本発明は、ここで更に以下の実施例で詳細に例示される。
【実施例】
【0037】
(実施例1)
(典型的な生体内変換手順)
新しい寒天平板からC.トロピカリスATCC20962又はグリセロールを、500 mlフラスコ中、酵母エキス, 10 g/l;ペプトン, 10 g/l;グルコース, 20 g/l;からなる30 ml YPD培地で前培養し、250 rpm、30℃で20時間、振盪した。250 rpm、30℃で16時間の培養後、前培養液を、500 mlフラスコ中、10%(v/v)で、ペプトン, 30℃;酵母エキス, 6 g/l;酵母窒素塩基, 6.7 g/l;酢酸, 3 g/l;K2HPO4, 7.2 g/l;KH2PO4, 9.3 g/l;グルコース/グリセロール, 20℃;からなる30mlの変換培地に播種し、250 rpmで振盪した。基質の初濃度は、約10〜20 g/lであった。pHは、12時間後に、2 mol/lのNaOH溶液の添加によって7.5に調節した。生体内変換の間、濃縮補助基質(グルコース/グリセロール/酢酸ナトリウム/エタノール)を供給し(1日あたり1〜2.5%)、pHをNaOH溶液を加えて7.5〜8.0に維持した。試料を毎日採取し、LC-MSによって生成物の濃度を決定した。
【0038】
(実施例2)
(発酵槽内での典型的な生体内変換手順)
発酵は、フェドバッチ培養の3-I Bioflo3000発酵槽(New Brunswick Scientific Co., USA)中で行った。
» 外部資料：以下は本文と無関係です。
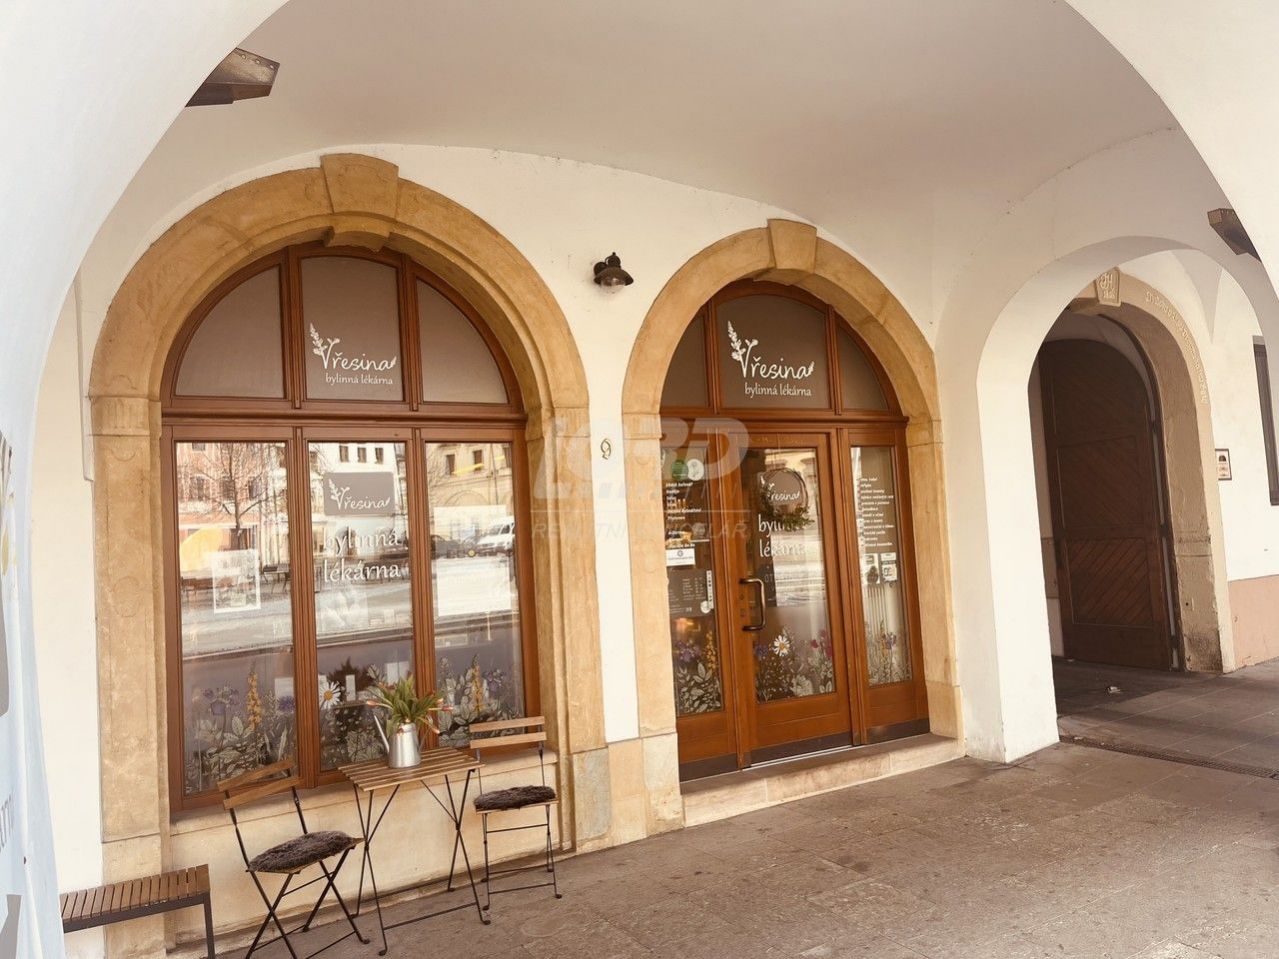 Prodej obchodu  bylinné lékárny - v historickém centru Hradce Králové, obrázek č. 1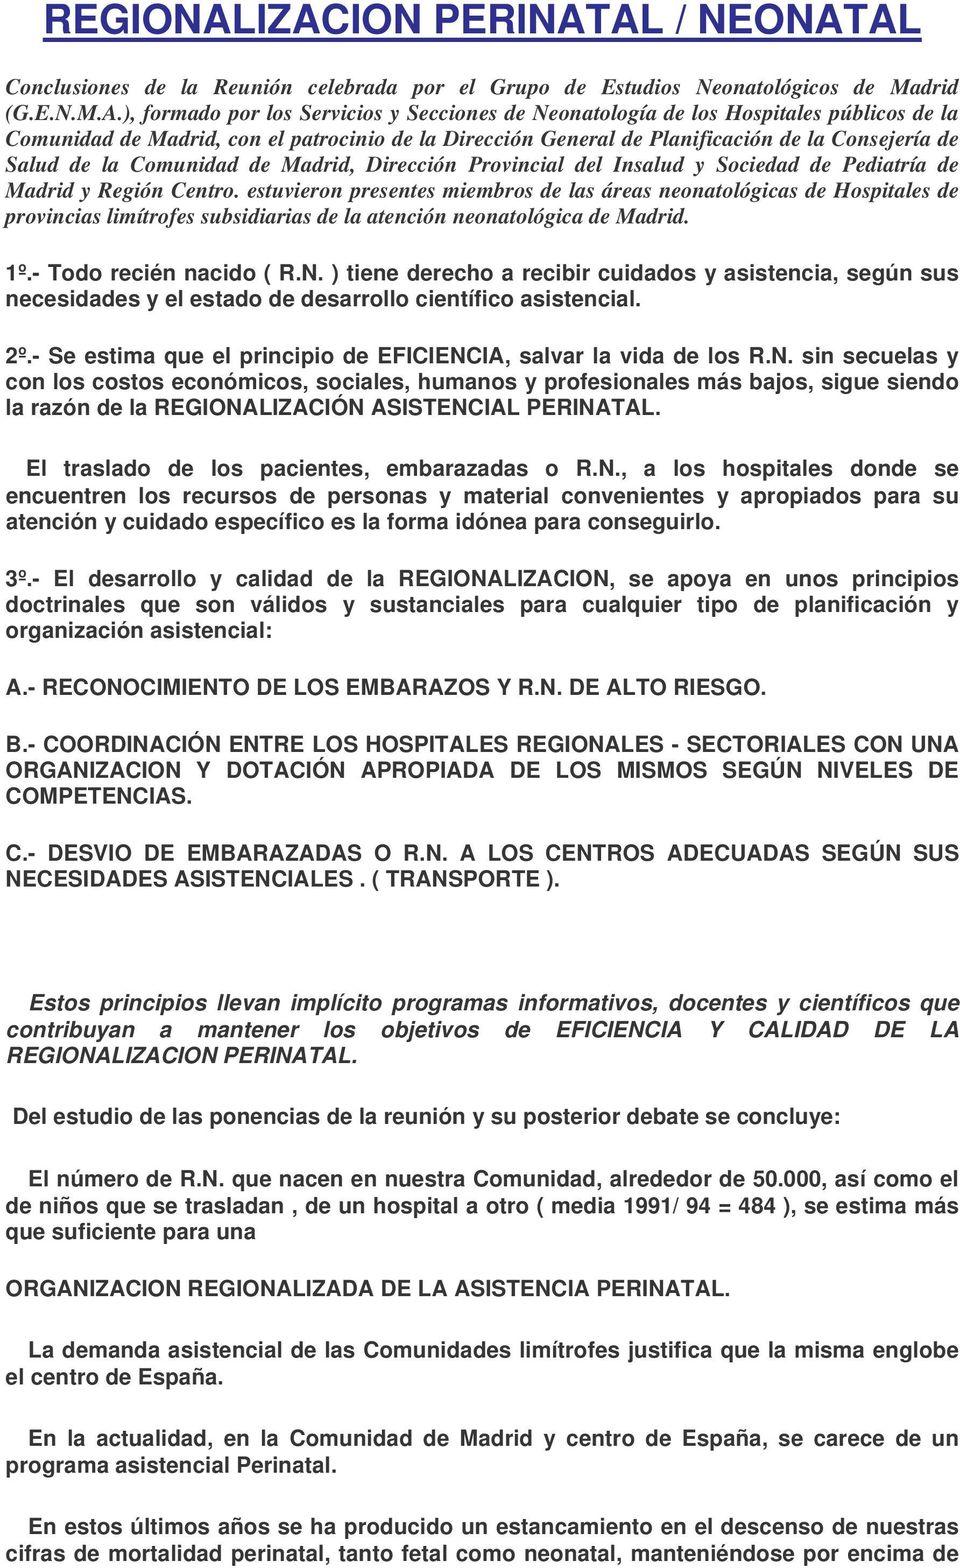 Hospitales públicos de la Comunidad de Madrid, con el patrocinio de la Dirección General de Planificación de la Consejería de Salud de la Comunidad de Madrid, Dirección Provincial del Insalud y

実施例1の前述の変換培地を用いたが、0.05%の消泡剤204(シグマ)及び0.5%基質を加えることにより修正した。発酵槽容器への播種前に、20時間、30℃、250 rpmで、新しい寒天平板又はグリセロールストックから50 mlの種培養を調製した。播種後に、培養液を、6.3のpHに維持し、30℃、900rpm、1.5vvmの通気速度で成長させた。12時間の発酵(成長期)の後、生体変換期を、基質(2ml/l)を供給して開始した。補助基質としての濃縮グルコース(500 g/l)を、1.2 g/l/hの速度で連続的に供給した。生体変換期の間、pHを、4 mol/lのNaOH溶液の自動的な添加によって7.6に維持した。消泡剤(Antifoam 204)も、必要に応じて発酵槽に加えた。試料を毎日採取し、LC-MSによって生成物の濃度を決定した。
【0039】
(実施例3)
(生体内変換生成物の典型的な抽出及び精製手順)
発酵ブロスをHClでpH1.0に酸性化し、ジエチルエーテルで2回抽出した。酸性化の間、エポキシ開環を回避するために、エポキシ基を含む生成物を有する発酵ブロスを、5N HClでpH 3.0にゆっくり酸性化した。溶媒を、ロータリーエバポレータで真空下で蒸発させた。得られた残渣を、シリカゲル60を用いるシリカゲルカラムクロマトグラフィーによって分離した。不純物、未反応モノ脂肪酸及び生成物を含む画分を、比率が90:30〜10:90にわたるn-ヘキサン/ジエチルエーテルの混合物によって、段階的に溶出した。同じ化合物を含む画分を一緒に回収し、溶媒をロータリーエバポレータによって真空下で蒸発させた。
【0040】
(実施例4)
(オレイン酸のリパーゼ媒介エポキシ化による、シス-9,10-エポキシ-1,18-オクタデカン酸の合成)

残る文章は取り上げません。